January 2022 linked data release (utilising 8-step algorithm) November 2024 linked data release (utilising MPS linkage)
CPRD GOLD CPRD Aurum CPRD GOLD CPRD Aurum
Number of patids in linkage eligibility file 11,067,015 48,355,828 10,914,470 43,082,693
Number of patids in linkage eligibility file eligible for HES APC linkage 8,913,996 (80.5%) 39,665,549 (82.0%) 8,690,324 (79.6%) 38,294,389 (88.9%)
From the linkage eligibility file, the number of patids that are research acceptable* 9,526,577 35,273,276 9,360,628 37,136,660
Number of patids that are research acceptable and are eligible for HES APC linkage* 8,425,296 (88.4%) 34,807,980 (98.7%) 7,939,326 (84.8%) 34,202,038 (92.1%)
Table 2: Number of patient pseudonyms (CPRD patids) eligible for linkage in the CPRD GOLD and Aurum. *Patids with poor data recording in their primary care records are considered research unacceptable, for example, if they do not have a year of birth or are not permanently registered to a practice. The checks are not carried out for linked data.
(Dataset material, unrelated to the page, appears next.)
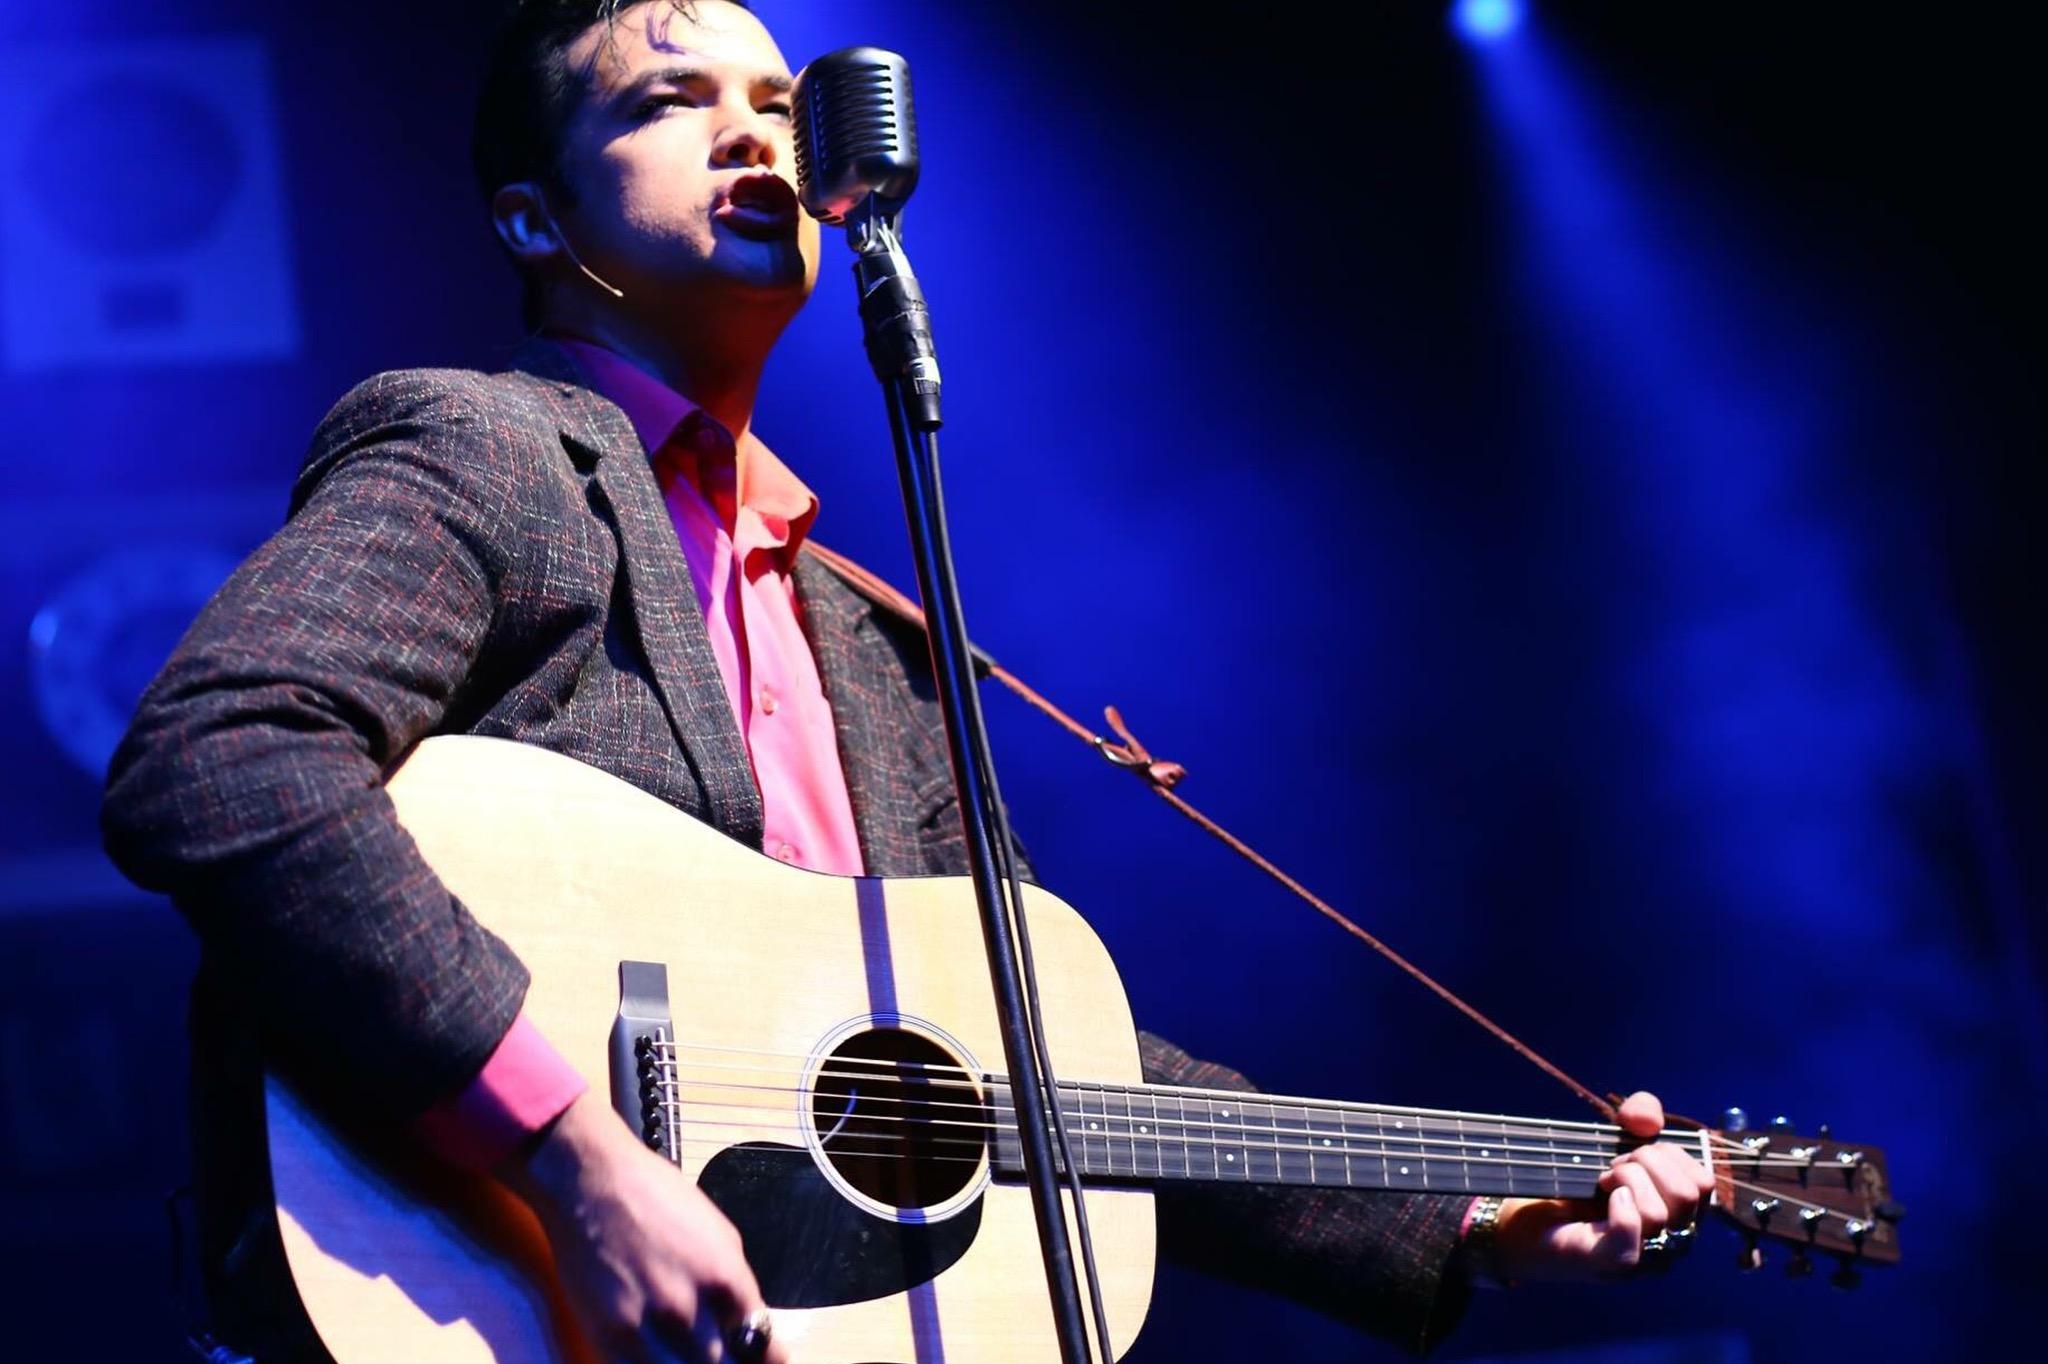 Daniel Durston Elvis Tribute Artist

Change in definition of eligibility

The change in the definition of linkage eligibility has also contributed to a change in the proportion of eligible patients between the most recent (November 2024) and previous (January 2022) linked data releases. Table 3 demonstrates the impact of the new eligibility definition by focusing on research acceptable patids in CPRD GOLD and Aurum that were present in both the most recent and previous linked data releases and whether their eligibility flag had changed for HES APC.

CPRD GOLD (n=9,336,150)
HES APC eligibility flag in the January 2022 linkage eligibility file
HES APC eligibility flag in the November 2024 linkage eligibility file Ineligible (0) Eligible (1)
Ineligible (0) 850,542 (9.1%) 558,730 (6.0%)
Eligible (1) 250,738 (2.7%) 7,676,140 (82.2%)
CPRD Aurum (n=35,273,275)
HES APC eligibility flag in the January 2022 linkage eligibility file
HES APC eligibility flag in the November 2024 linkage eligibility file Ineligible (0) Eligible (1)
Ineligible (0) 346,708 (1.0%) 2,480,531 (7.0%)
Eligible (1) 118,587 (0.3%) 32,327,449 (91.6%)
Table 3: Comparison of HES APC eligibility flag between the November 2024 and the January 2022 linkage eligibility files (restricted to research acceptable patients in CPRD GOLD and Aurum).
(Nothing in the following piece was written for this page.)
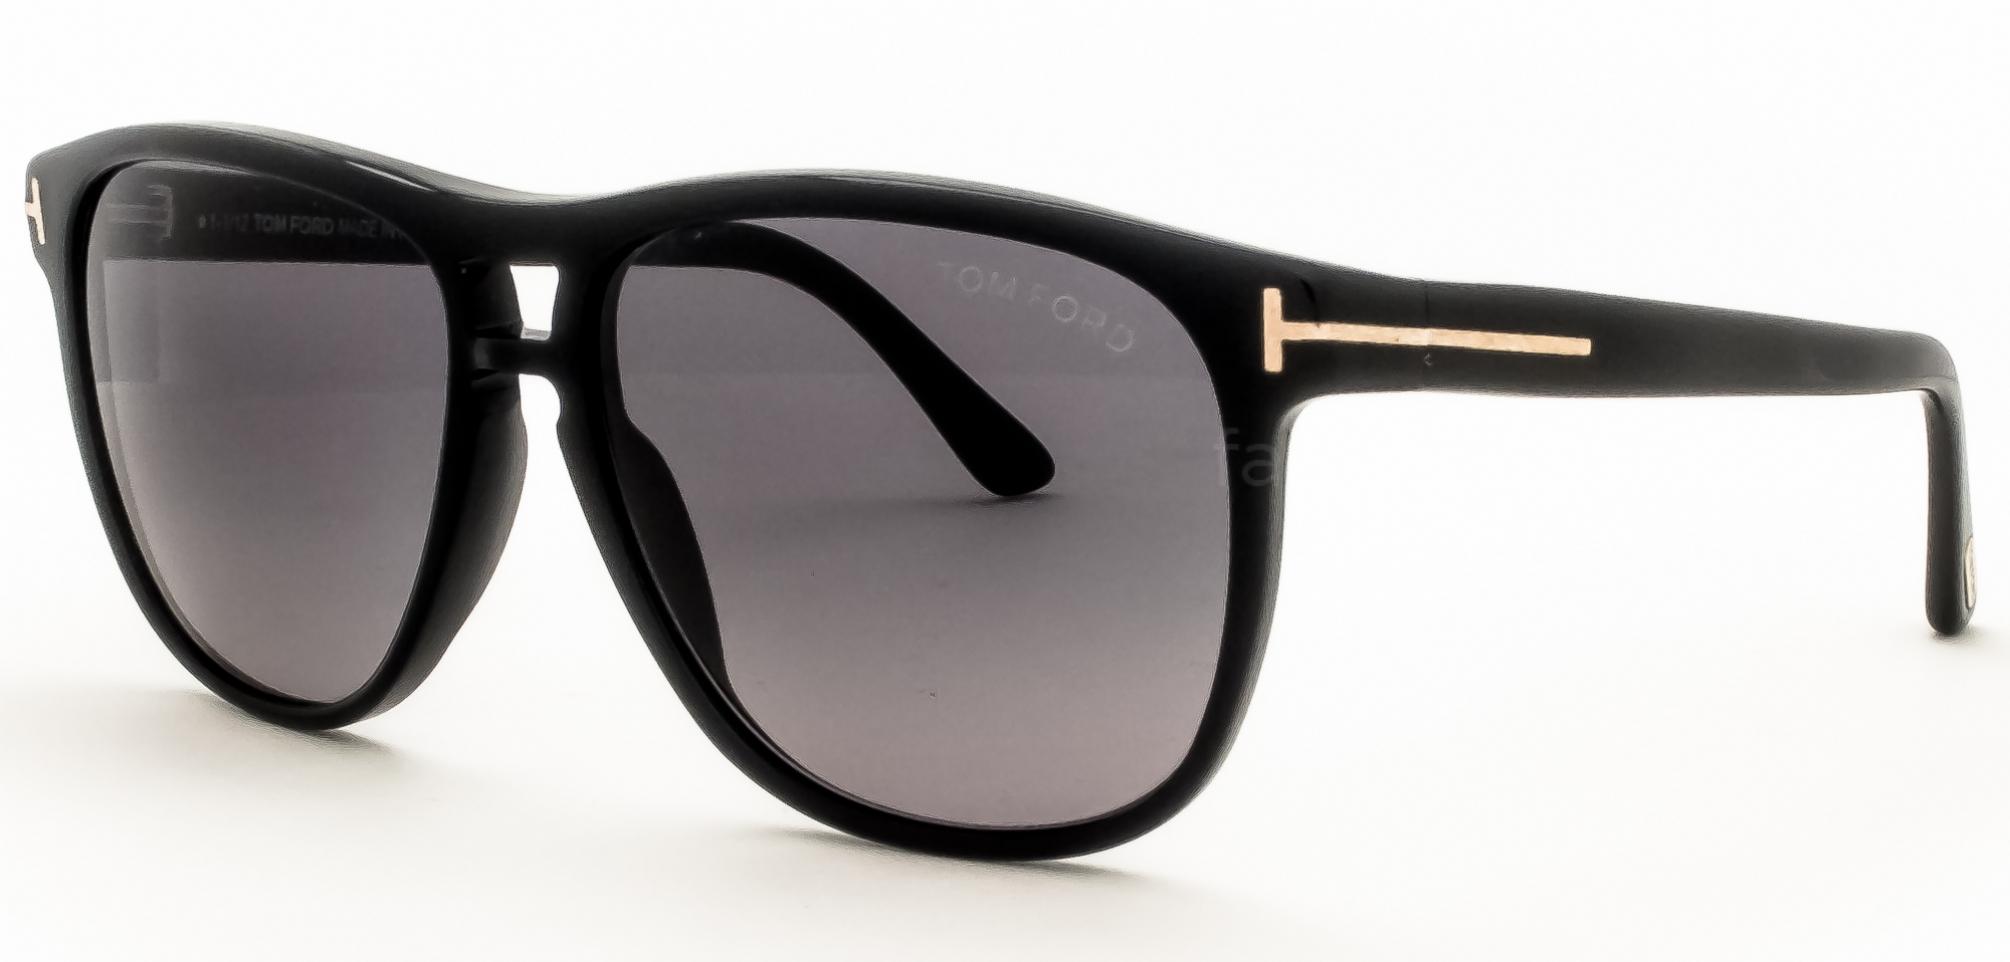 ec81368229 Buy Tom Ford Sunglasses directly from eyeglassesdepot.com

Among the CPRD GOLD patids that were present in both linked data releases, there was a 3.3% decrease in the number of patids that were linkage eligible for HES APC in the most recent linked data release compared to the previous release. However, the majority (91.3%) retained the same eligibility status for HES APC. In the previous linked data release, 6,378,980 out of 8,425,296 (75.7%) patids that were considered eligible for linkage to HES APC also had records in HES APC. The proportion increased in the most recent linked data release, where 6,431,200 out of 7,939,326 (81.0%) patids that were eligible for HES APC linkage also had data in HES APC (see Figure 2). Upon closer inspection of the 558,730 patids that were considered linkage eligible in the previous linked data release but were ineligible in the most recent linked data release, only 65,156 (11.7%) patids had HES APC records in the previous release.

Figure 2: The number/proportion of CPRD patids that were eligible for HES APC linkage and had records in HES APC (restricted to research acceptable patients in CPRD GOLD and Aurum).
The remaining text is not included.